For a long time I put off doing things or going places because I had no one to go with. And one of the best decisions I made was to do it anyway. Go see that movie. Go eat in the fancy restaurant. Go take that road trip. I’m so glad I’ve learned to travel on my own, because otherwise, I’d miss out on doing things while waiting to make friends who will join me.
Today’s Gospel reading talks about how the disciples are to
go about their work of spreading the Gospel. They are sent out in pairs. It’s a
practice that still holds true as good advice. It keeps missionaries safer as
they travel and spiritually more accountable—less likely to be influenced by
worldly influences and stay and less likely to build up a cult of personality.
It’s better to go together.
But as I sat there alone in the pew, I thought of us that do
go it alone: without spouse or friend or mentor or spiritual director. I’ve
struggled so long with a lack of community and spiritual connection. Years of
failing to get spiritual direction, years of trying to form a community of
friends who share the faith, years of pouring out of an empty vessel. I know it’s
better to go together, but what happens when you have no one to walk with?
A benefit of the lockdown in 2020 was stepping away from parish
life and not struggling to make it work for me. I’ve dived back in, and I’m
still going, going, going, trying to make connections. But they don’t come. I
can’t recall the last time I was invited instead of doing the inviting. It’s
been a long time, and the person has since moved away, since someone last asked
how I was doing spiritually. I don’t have that partner for accountability, and
it can be freeing, but lonely. There is no one to celebrate with or mourn with
or just pass the days with.
The messages are always about the importance of community
and how we can’t do it alone, but they never address how to find a
partner disciple and how to build connections. For those of us who seemingly
don’t fit in easily, belonging is a lot of hard work, sunk costs, and unseen
pain.
And not only is it lonely, but I’m also part of the problem,
making someone else feel lonely and rejected. We solo spiritual travelers are sitting
in the same nave and not seeing one another. I wondered who else was sitting
there this morning feeling like a failure because they have no one to mission
with. Who else is faithfully going alone because surely going alone is better than
not going at all?
You get discouraged. You get burnt out. You get frustrated
and jealous. But you keep trying. Because we are told not to go alone. And if
you are eventually blessed with someone to walk with, you appreciate it more
than others ever will.
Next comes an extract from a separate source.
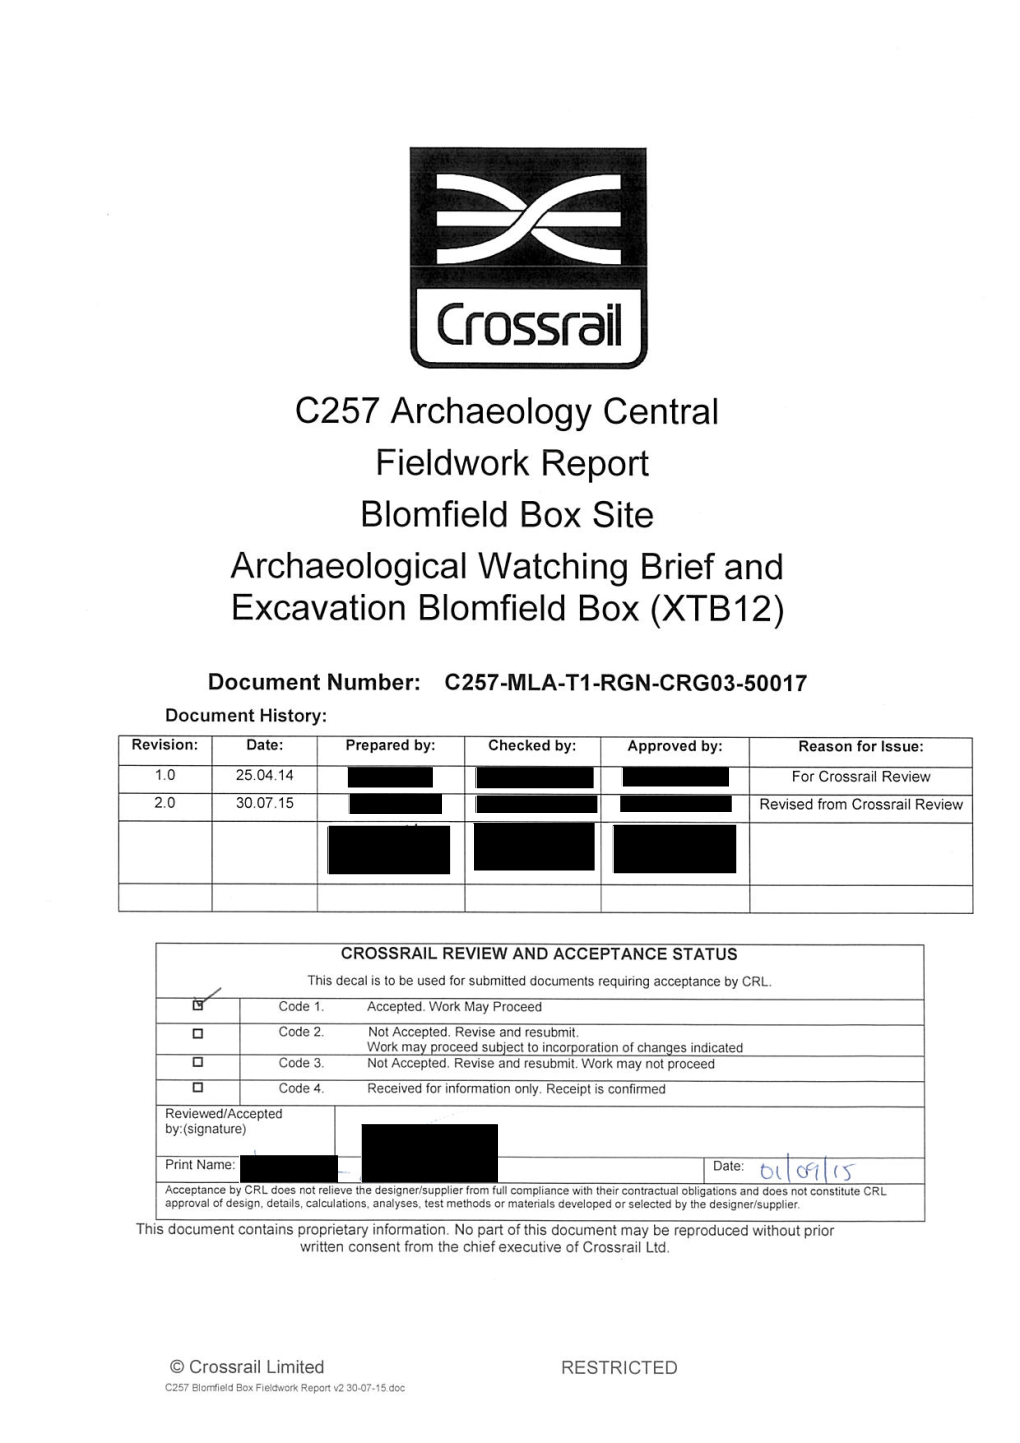 C257 LIS XTB12 Blomfield Box Fieldwork Report

Until then, I can only find solace in that others are on
this journey, even if I can’t see them, and that there are saints who do see me
and prayerfully supporting me, and that Jesus walked a very lonely path as
well. Do you think anyone ever asked him how his spiritual life was doing? Did
anyone ever try to pour into him? Or was it always him pouring, him always
ministering, him always giving—though he does have the benefit of pouring from
an ever-overflowing jar.
In travelling alone, perhaps I am in more danger. But I get
to go places I wouldn’t otherwise go. And maybe that is necessary. Maybe the
lonesome valley is it’s own mission destination.